Financing the Fivefold – Part One

We have the vision, the qualifications, the affirmation of those who give oversight to our lives and the right motivation to do those things called fivefold ministry (see earlier blogs in this “Fivefold Ministry” series). Now the big questions is, how do we finance it?

It is easy if you are a pastor and leader a local church; you have a constant flow of finances called “tithes” from which to draw and build. But what if you are not employed full-time in a local church but travel trans-locally in a number of churches and nations, then what?
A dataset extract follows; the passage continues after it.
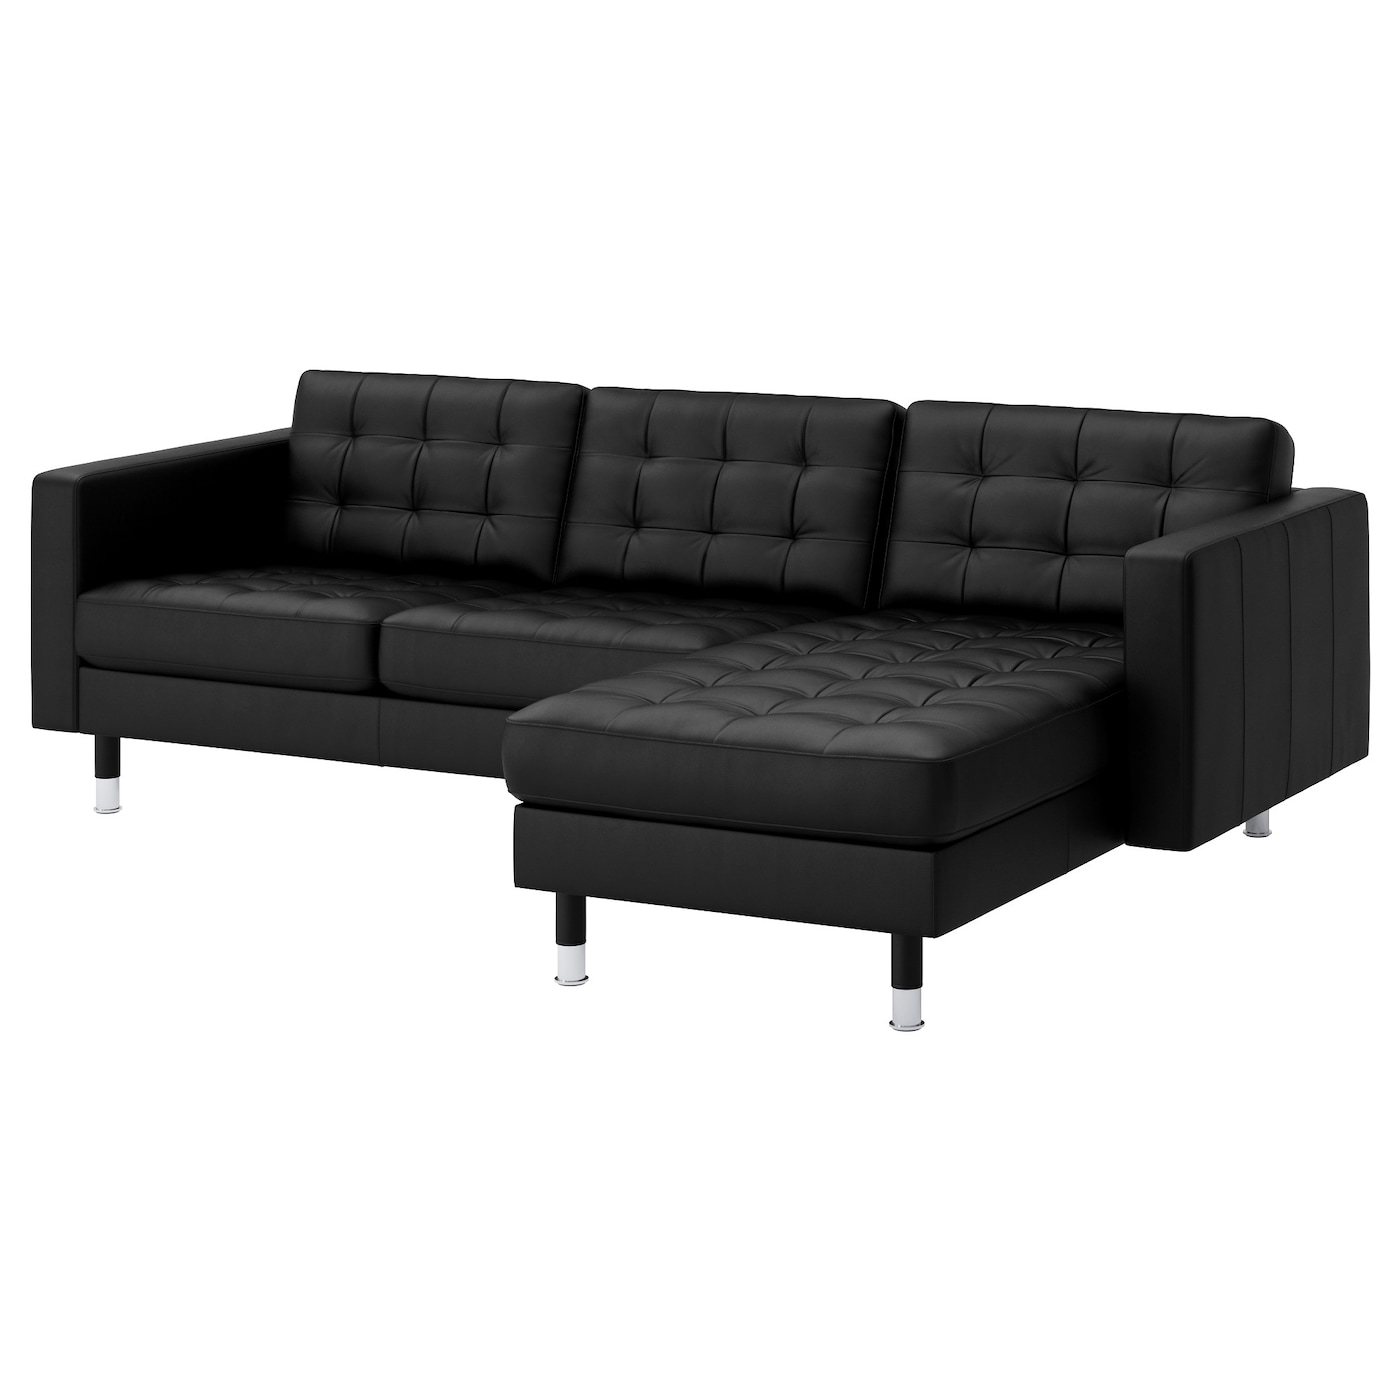 3-местный диван с шезлонгом - IKEA LANDSKRONA, 89x240см, черный/серебристый, ЛАНДСКРУНА ИКЕА

This is the reason why there are many leaders with one of the fivefold gifts leading churches when they really are not called to do it. They lead churches because it is the easiest way to finance their ministries of apostles, prophets, evangelists, pastors and teachers. They are not fulfilled at it, and may not have the governmental calling to lead, but it is one of the only mechanisms in place that currently works.
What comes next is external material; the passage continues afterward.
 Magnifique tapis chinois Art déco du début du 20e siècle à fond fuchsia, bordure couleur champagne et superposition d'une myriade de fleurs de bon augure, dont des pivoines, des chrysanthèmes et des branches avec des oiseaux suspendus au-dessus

These men know that if they want to step down from leading the local church, their finances would dry up. Sometimes this even leads to fivefold ministers laying down their call. They still have the call and the anointing and gifts for that call; they just do not have a clue on how to make a living whole doing it. So, they simply don’t do it.

This is not an easy questions to answer nor is it one to take lightly. If we truly want to see the fivefold ministry released in today’s Church, we must figure out how to finance these individuals. Obviously when someone is leading a local church, the pressures of ministry can be greater and more demanding than someone who is a fivefold minister attending the local congregation and ministering trans-locally. But fivefold ministers have bills to pay just like everyone else. They need gas for their car, food on the table, and even an occasional vacation like others are accustomed to taking.

While we don’t yet have a common answer to this problem, I believe we can at least give some insight that can help get a dialogue started so this whole area can be brought out into the open and discussed.

There is also a certain amount of what I would call “critical mass” that is necessary for someone to be supported full time for fivefold ministry. In other words, for a single church to support a fivefold minister, they would most likely need to be in the mega church size (over a thousand members) to be able to raise the finances – for there to be a substantial amount after salaries and expenses locally to then support in an adequate way a trans-local fivefold minister. To be fully supported in a network of churches, there would need to be a large enough network to supply the finances.

What if we are not a part of a mega church or a large network of churches that can support the fivefold minister? There are other ways. Let’s explore together several different options.

Let’s remember first, that as Christians, we are all in full time ministry whether it is through our business, at our job, in our school, at our home in the neighbourhood or leading a church. Our goal is to share the light of the Gospel of the Kingdom as we go about our daily lives. What is different for each of us is how our financial needs will be met. When a person is involved in ministry as his “job,” like the fivefold minister who is trans-local and therefore cannot have a full time secular or even church ministry job in a community… he still has two financial areas that need to be considered. He has the finances needed to adequately support and live as a family and he has ministry expenses needed to accomplish the ministry to which the Lord has called him full time.

Biblical precedent: Labourers should be supported.

In Bible times, when oxen were driven back and forth over the threshing floor so they could stamp out the grain from the chaff, they were allowed to eat of the fruits of their labours. In some kinds of labour the oxen was muzzled, but Old Testament law required that on the threshing floor, which required repetitious and continuous labour, the oxen should be rewarded. “Do not muzzle an ox while he is treading out the grain” (Deuteronomy 25:4).

Paul quotes this law both in 1 Corinthians 9:9 and 1 Timothy 5:18, showing that God did not appoint it for the sake of the oxen alone, but that every labourer is worthy of his hire. We willingly pay the car mechanic and the doctor for their services, so we should gladly reward those who about for the good of our souls.

1 Corinthians 9:9-14 states, “For it is written in the Law of Moses: Do not muzzle an ox while he is treading out the grain.” Is it about oxen that God is concerned? Surely he says this for us, doesn’t He? Yes, this was written for us, because when the plowman plows and the thresher threshes, they ought to do so in the hope of sharing in the harvest, If we have sown spiritual seed among you, is it too much if we reap a material harvest from you? If others have this right of support from you, should’t we have it all the more? Nevertheless, we have not made use of this right, but we endure anything rather than put an obstacle in the way of the gospel of Christ. Do you not know that those who are employed in the temple service get their food from the temple, and those who serve at the altar share in the sacrificial offerings? In the same way, the Lord commanded that those who proclaim the gospel should get their living by the gospel.”

It is clear from this passage that Paul believed that those who laboured in the service of God would have competent support. In 1 Timothy 5:18, Paul again mentions the analogy between the oxen and the one who labours for the welfare of the Church. Again, he says they should be given sufficient and appropriate recompense so as not to worry about money for their family or their ministry.